In some ways, Stevens said, the brand of mainstream conservatism he embraced is dead, a victim of its own success.
“You had this kind of crime, welfare, taxes, communism set of issues that really had decreased in their urgency, so what would a new conservatism be?” Stevens asked. “And I think this is what Governor Bush asked himself, and out of that evolved an ethos of compassionate conservatism. The core of that for Bush was education. It’s what he really cared about. ... But all of that died on 9/11.” Stevens said he now finds himself surrounded by other Bush loyalists who can’t bring themselves to fall in line with Trump — Nicolle Wallace, Mark McKinnon, Matthew Dowd and Michael Gerson among them — because “we see Trump as so antithetical to what we aspire to be.”

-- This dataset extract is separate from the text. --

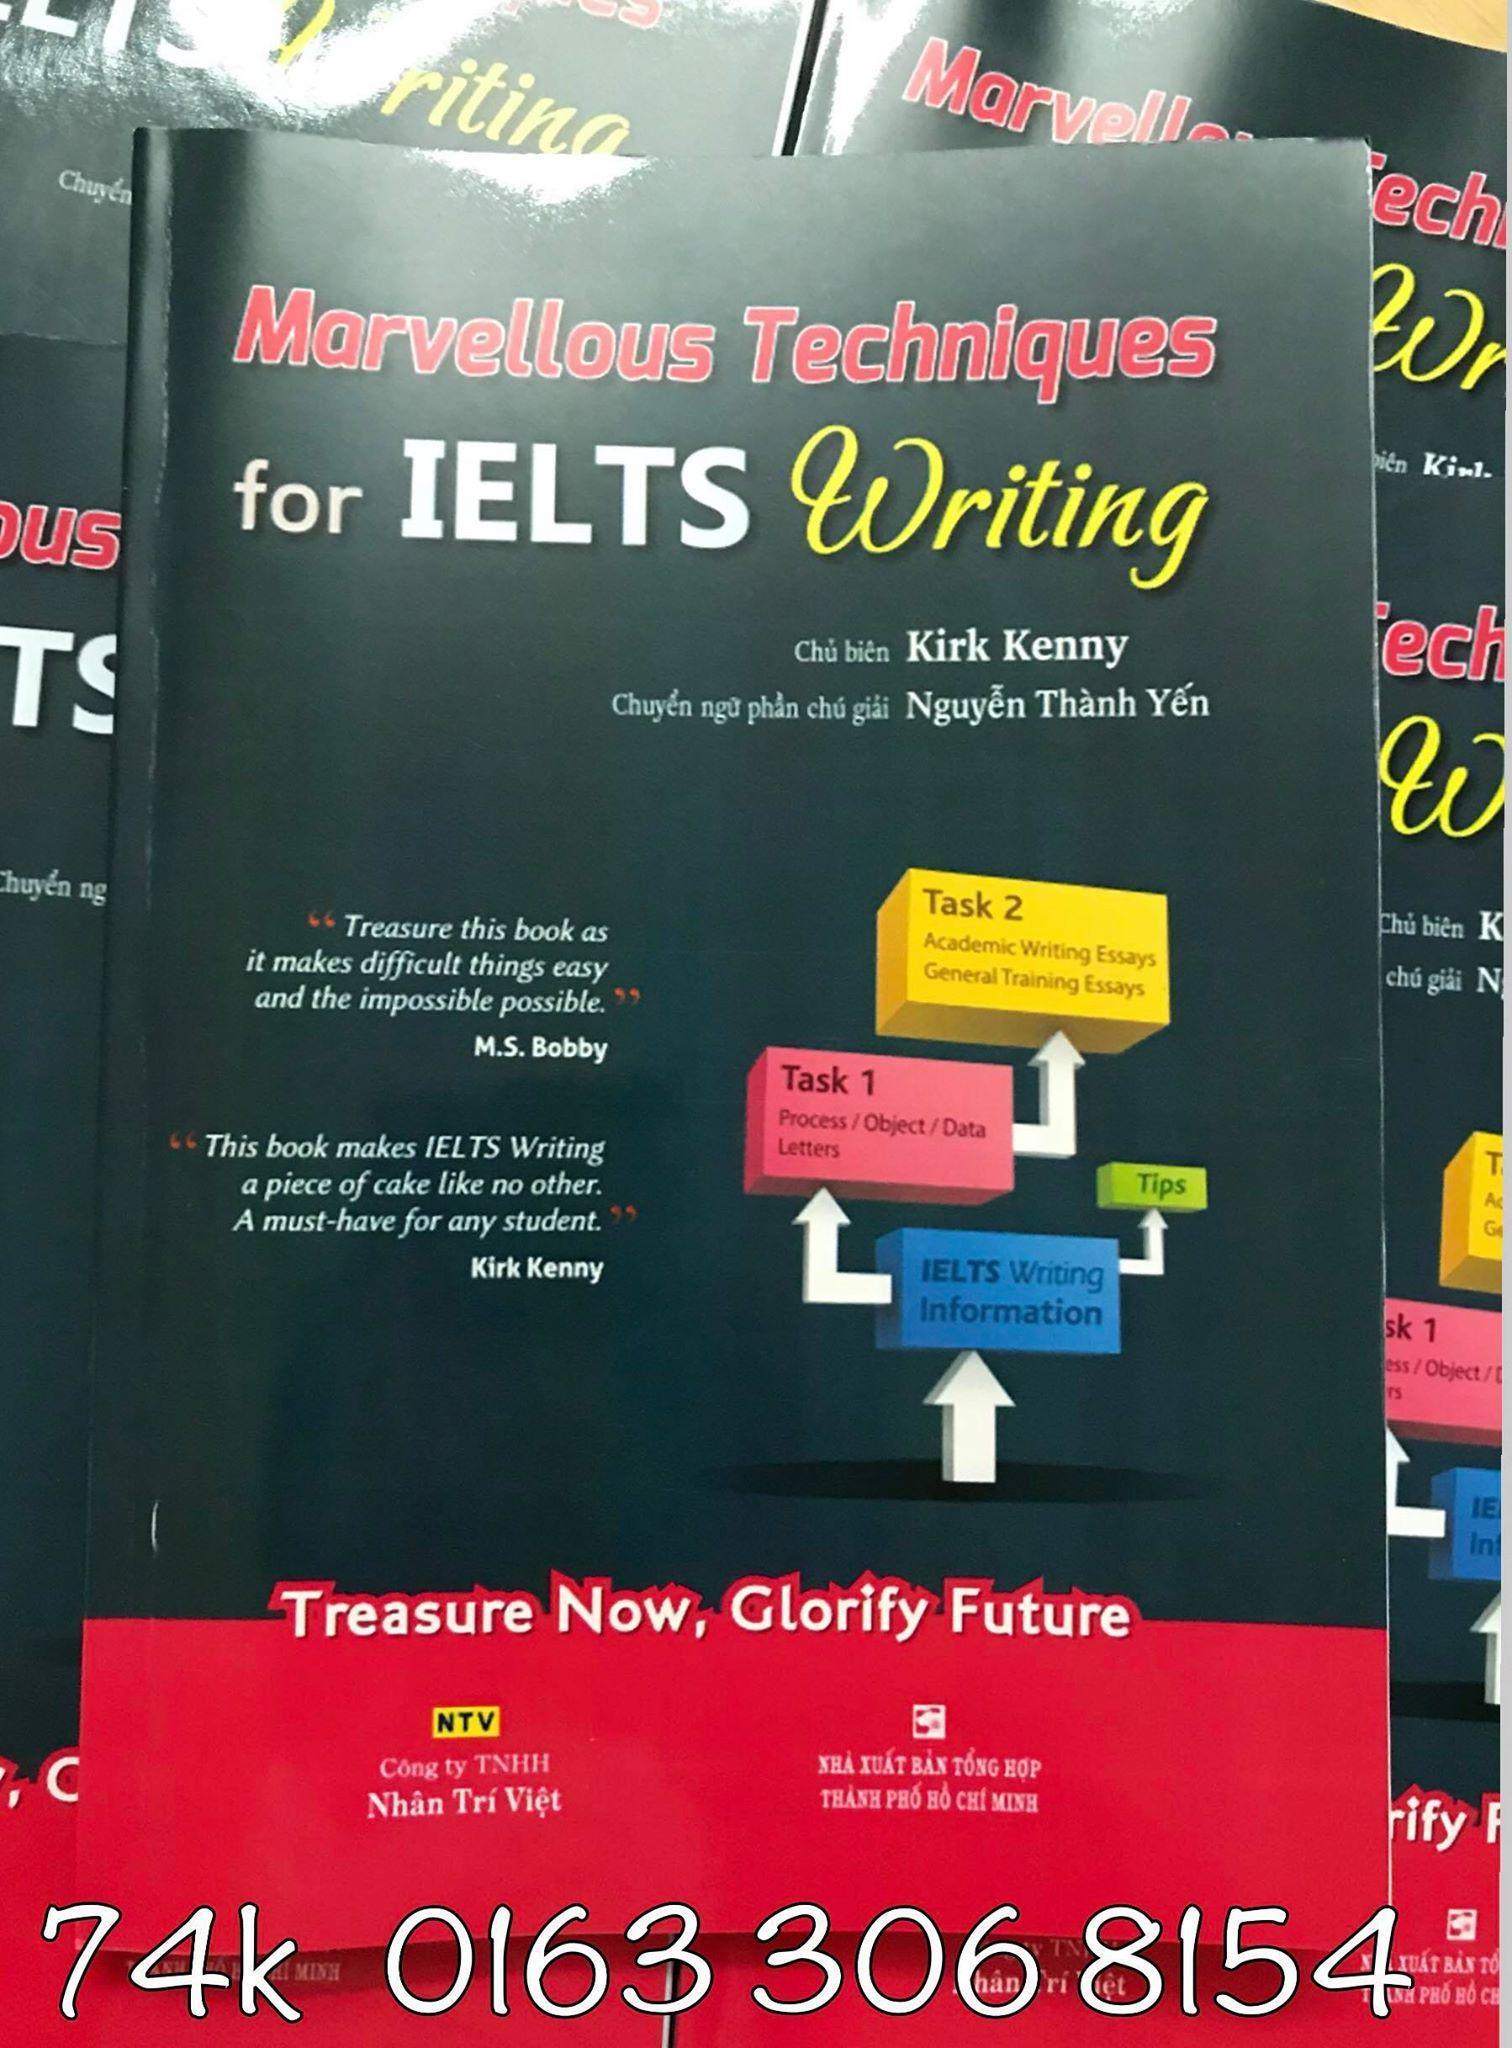 Marvellous Techniques For Ielts Writing Giá Ưu Đãi Nhất

Stevens said that he and other conservatives in his camp had long hoped that the party would broaden the tent, but to his surprise most Republicans really didn’t want to.
“Look at it as DNA: I thought our side was the dominant gene and that that other [racist] side was the recessive gene,” Stevens said. “I think I have to conclude I was wrong.”
Stevens pointed out that the Republican Party began to lose the African-American vote after Dwight D. Eisenhower was president and never won it back. But he said Republicans never wanted to actually broaden the tent and reach minority voters — a dirty little secret he is only now waking up to. He said that after losing to Barack Obama, the Republican Party commissioned an “autopsy” to better understand what went wrong. That postmortem made clear that the only way the Republican Party could survive would be by appealing to a broader and more diverse coalition of voters.
“It was presented not only as a political necessity, which was kind of obvious — sort of like ‘We lost the Super Bowl [and] what should you do is score more points,’” Stevens said. “It was [also] presented as a model mandate that if you’re going to earn the right to govern this big, confusing, loud, contradictory country, you need to represent it more.”
But Stevens said when Trump came along, the Republican Party largely embraced him with relief.
“There was almost an audible sigh of relief: ‘We can just throw that out the window,’” Stevens said of the Republican reaction. “It’s like, ‘Thank God, we don’t have to pretend we care about this [race] stuff anymore. We can just win with white people.’”
That’s when Stevens realized that for many in the party, compassionate conservatism and the like “were marketing slogans; they weren’t beliefs.”
Stevens said he believes that Biden is running a “historically good campaign,” but he hasn’t written Trump off yet. The power of any incumbent to win is too strong to make Stevens confident that America is rid of Trump.
“It’s very hard to beat an incumbent president,” Stevens said. “Particularly a ruthless president like Donald Trump.”